* AIM OF THE EXERCISE *
Leave out any picture and return the remaining listing below exactly as given.

'''

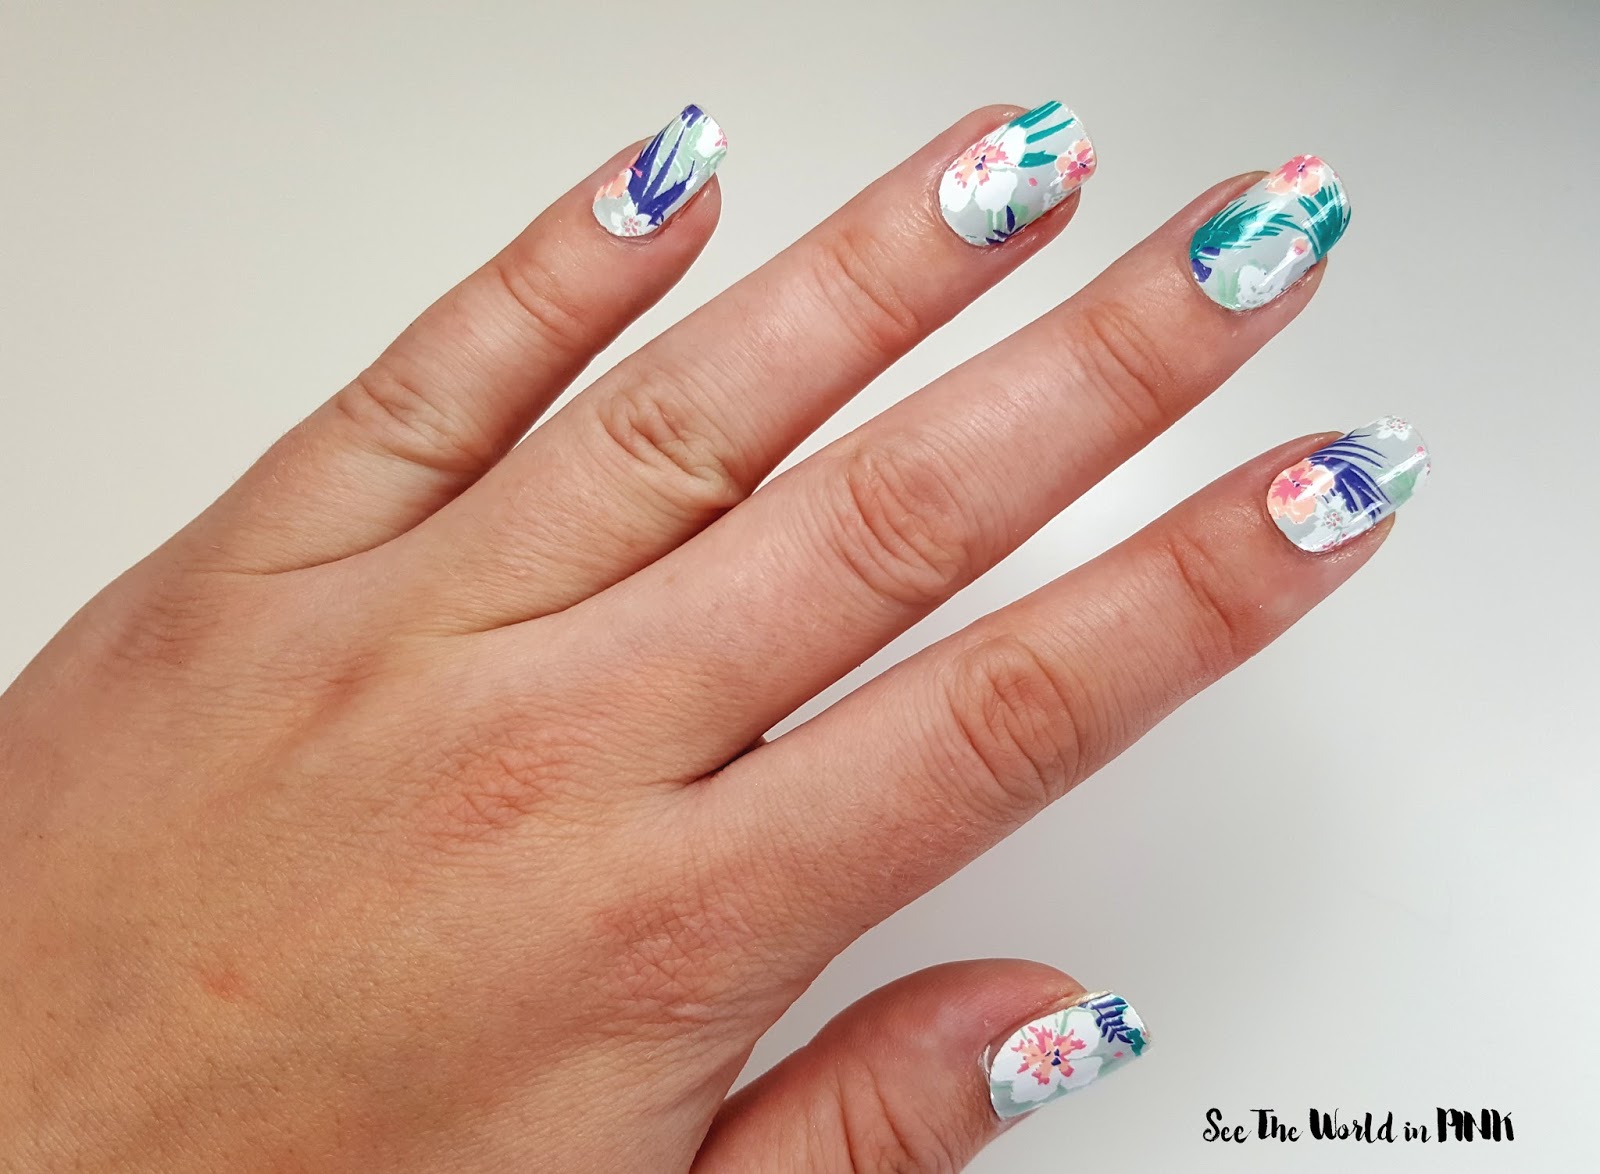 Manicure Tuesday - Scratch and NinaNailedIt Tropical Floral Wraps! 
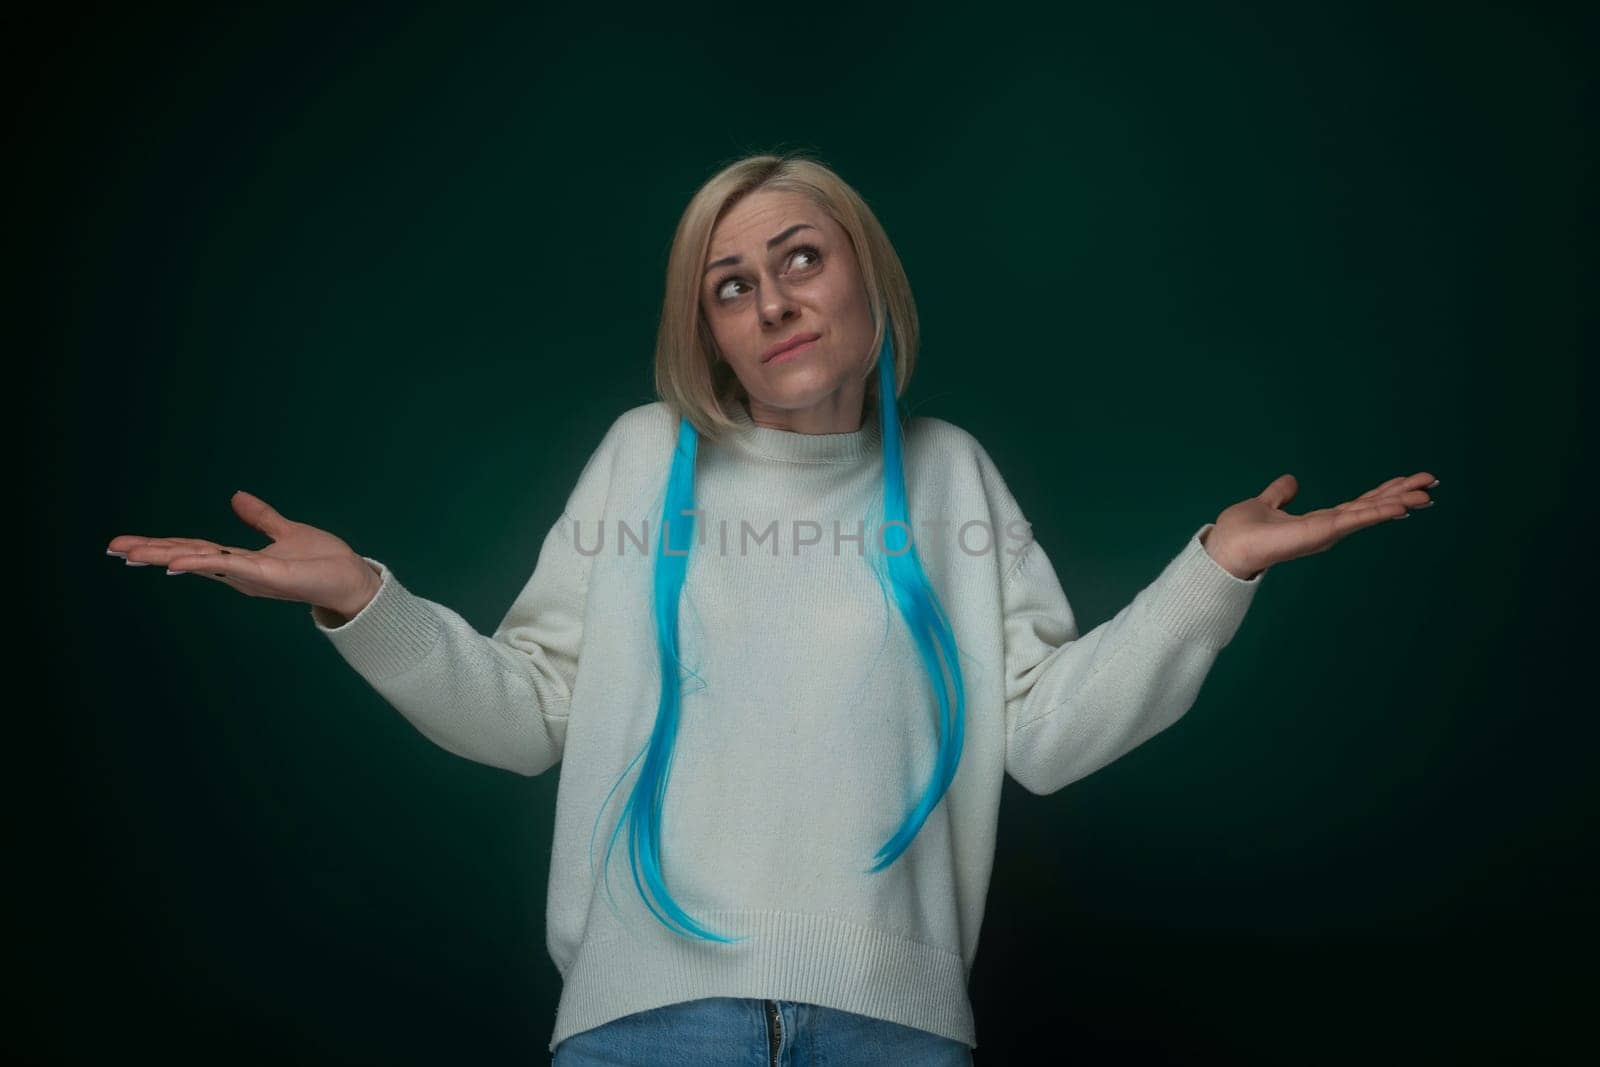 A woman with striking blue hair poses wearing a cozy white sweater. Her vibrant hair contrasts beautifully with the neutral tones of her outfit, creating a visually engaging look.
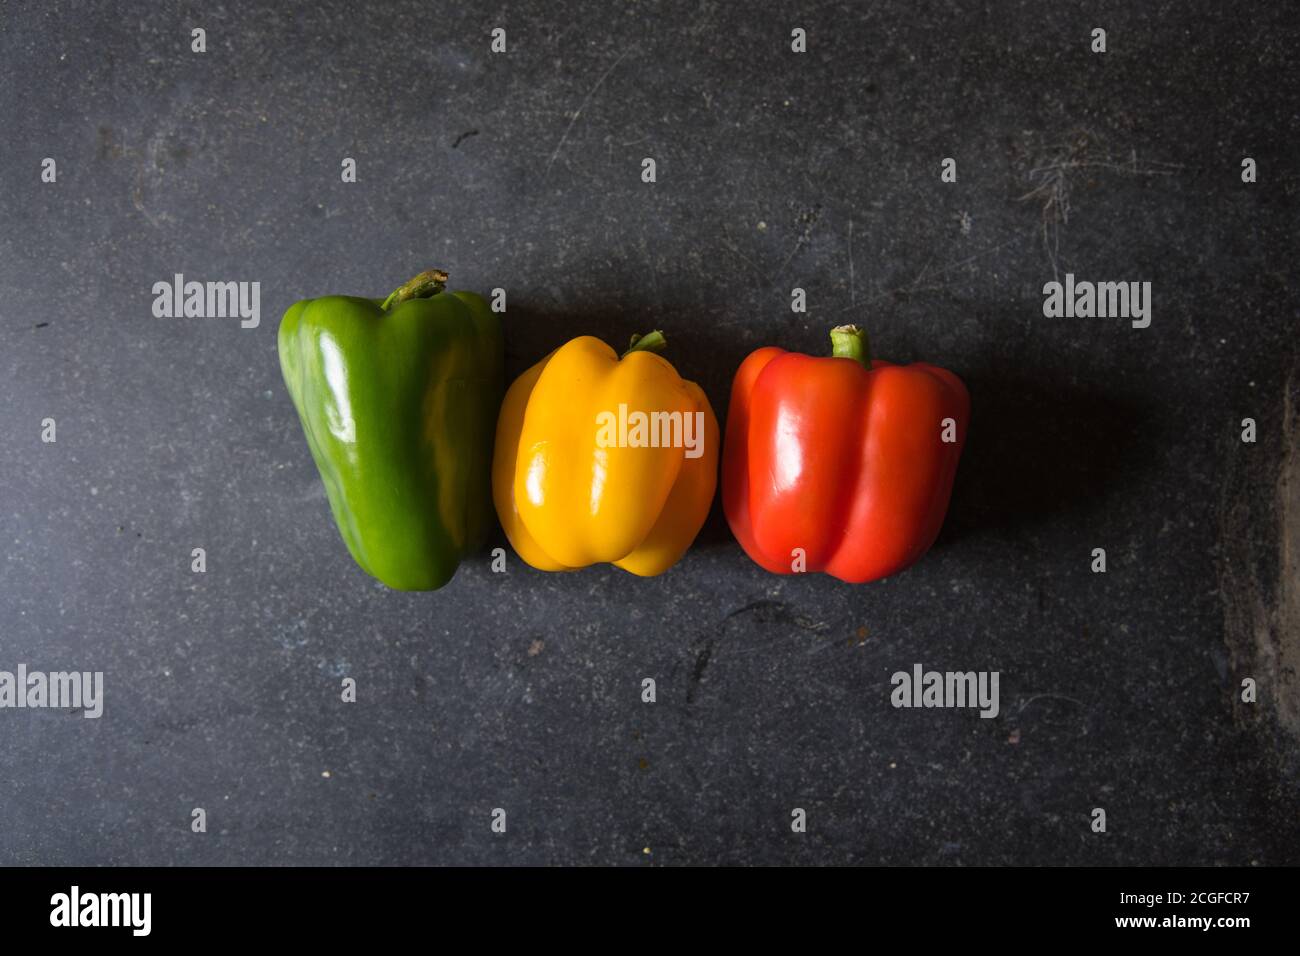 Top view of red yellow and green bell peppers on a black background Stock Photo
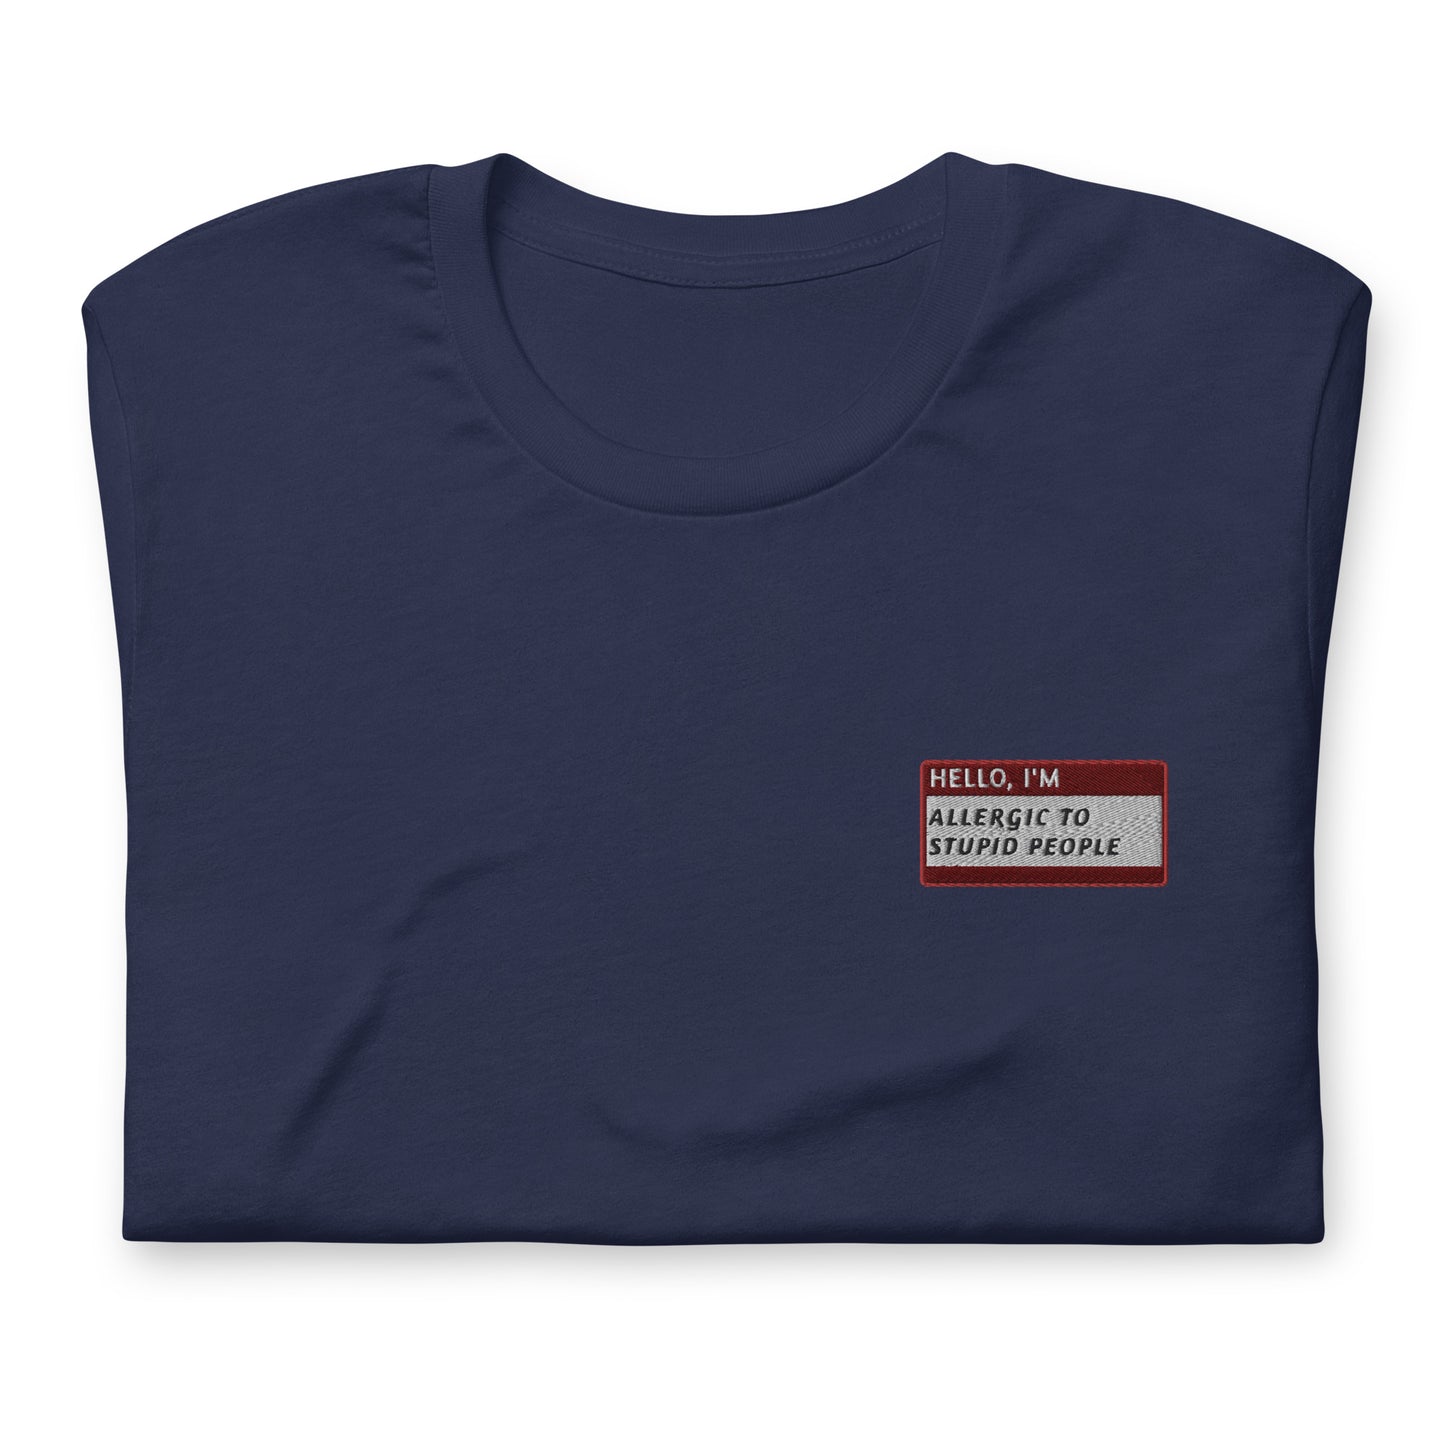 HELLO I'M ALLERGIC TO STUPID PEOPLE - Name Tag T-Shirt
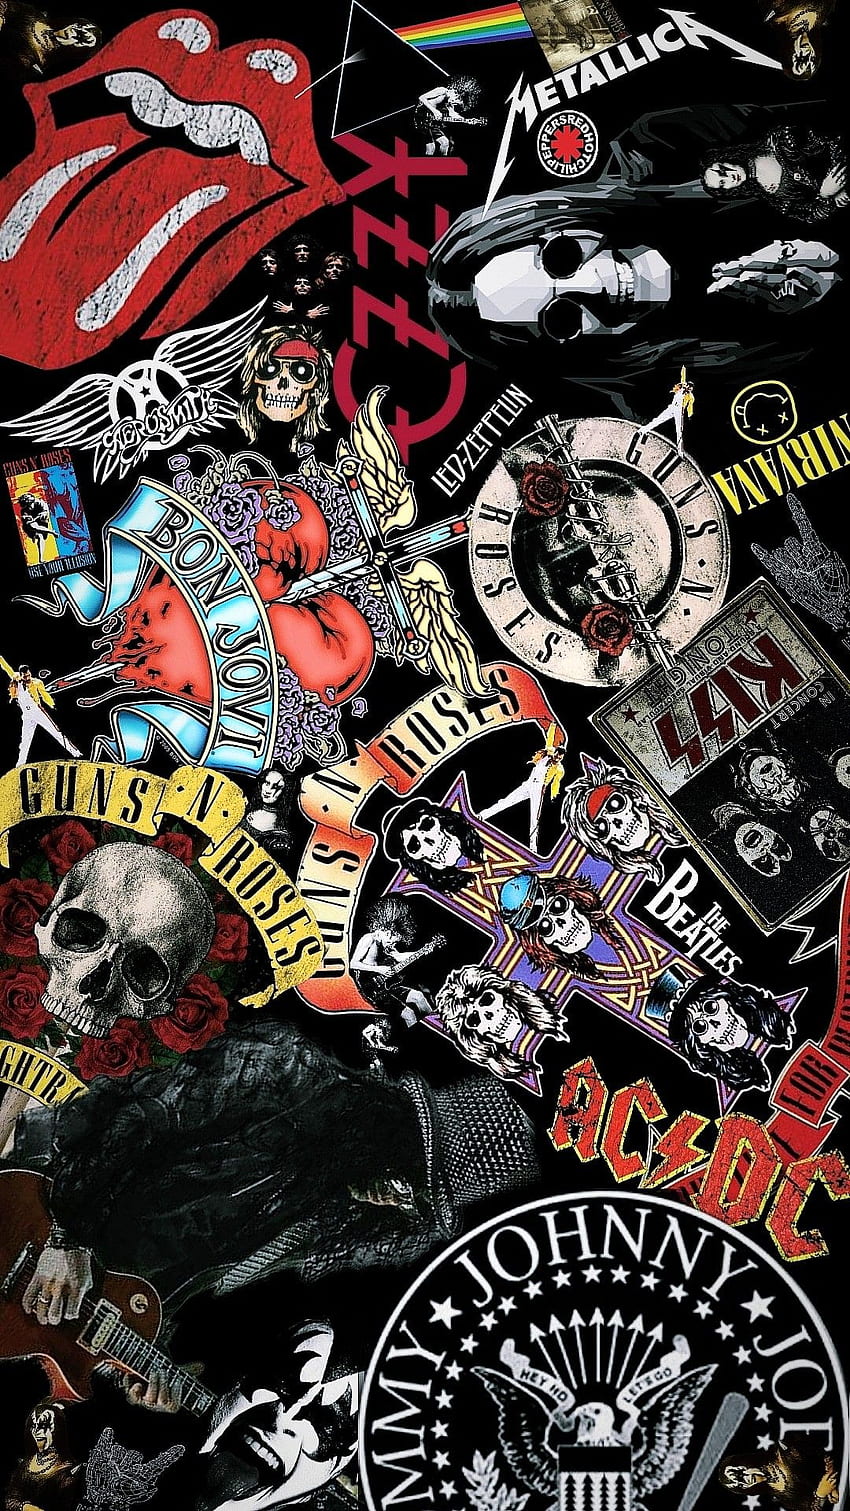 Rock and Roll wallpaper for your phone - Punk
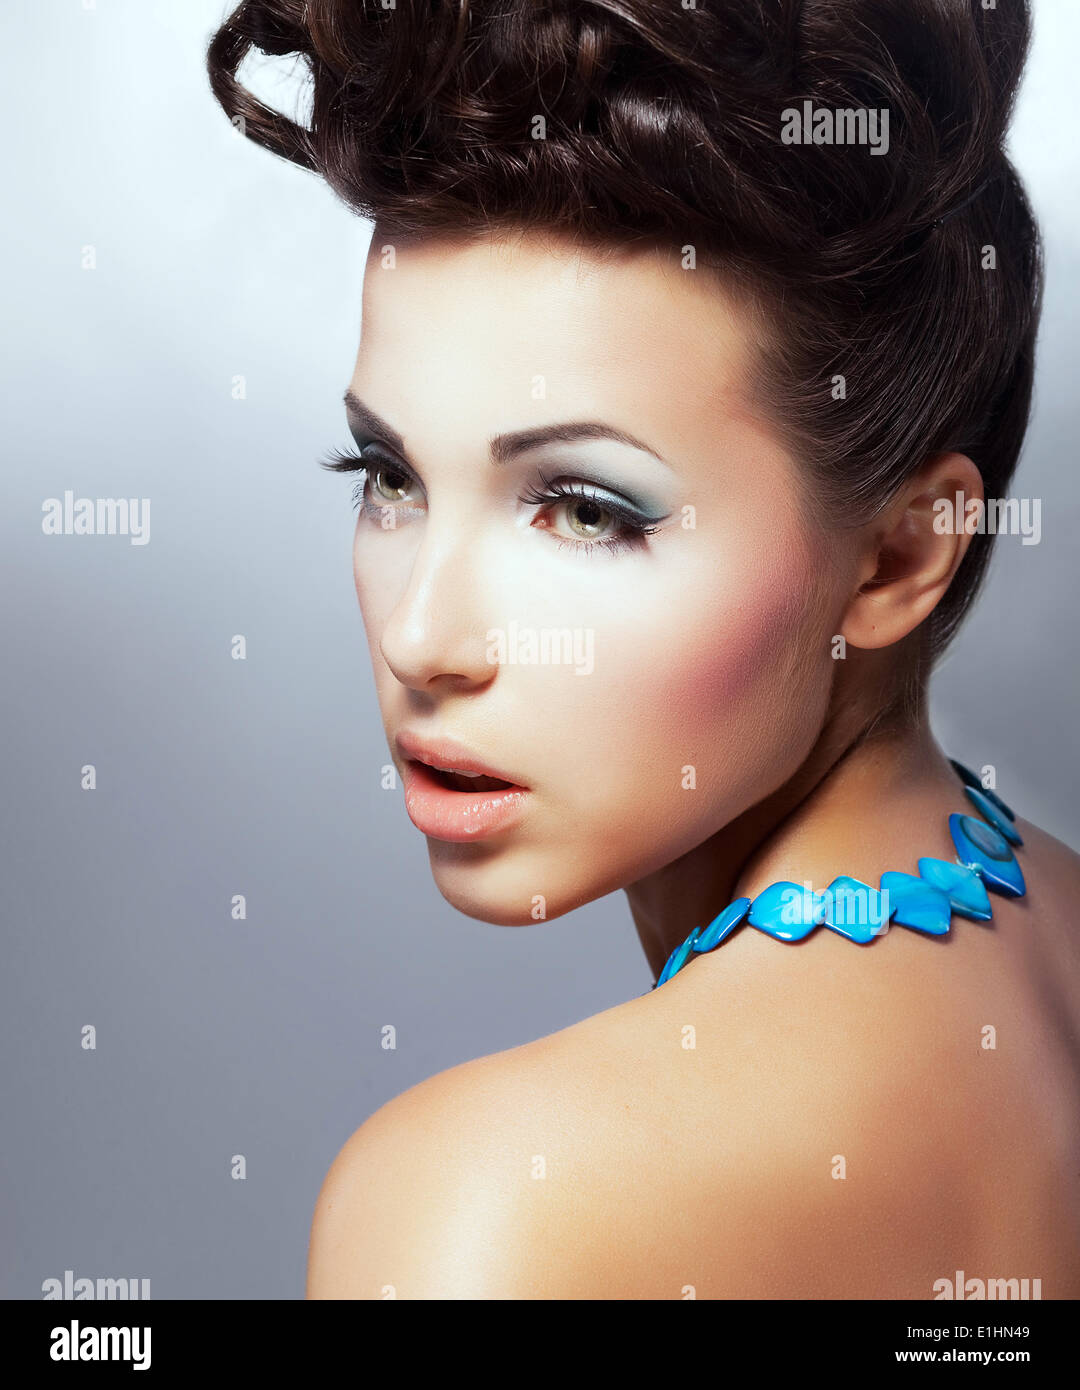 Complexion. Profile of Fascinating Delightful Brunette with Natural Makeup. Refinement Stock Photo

'''

* EXERCISE RESPONSE *
 Manicure Tuesday - Scratch and NinaNailedIt Tropical Floral Wraps! 
 A woman with striking blue hair poses wearing a cozy white sweater. Her vibrant hair contrasts beautifully with the neutral tones of her outfit, creating a visually engaging look.
 Top view of red yellow and green bell peppers on a black background Stock Photo
 HELLO I'M ALLERGIC TO STUPID PEOPLE - Name Tag T-Shirt
 Rock and Roll wallpaper for your phone - Punk
 Complexion. Profile of Fascinating Delightful Brunette with Natural Makeup. Refinement Stock Photo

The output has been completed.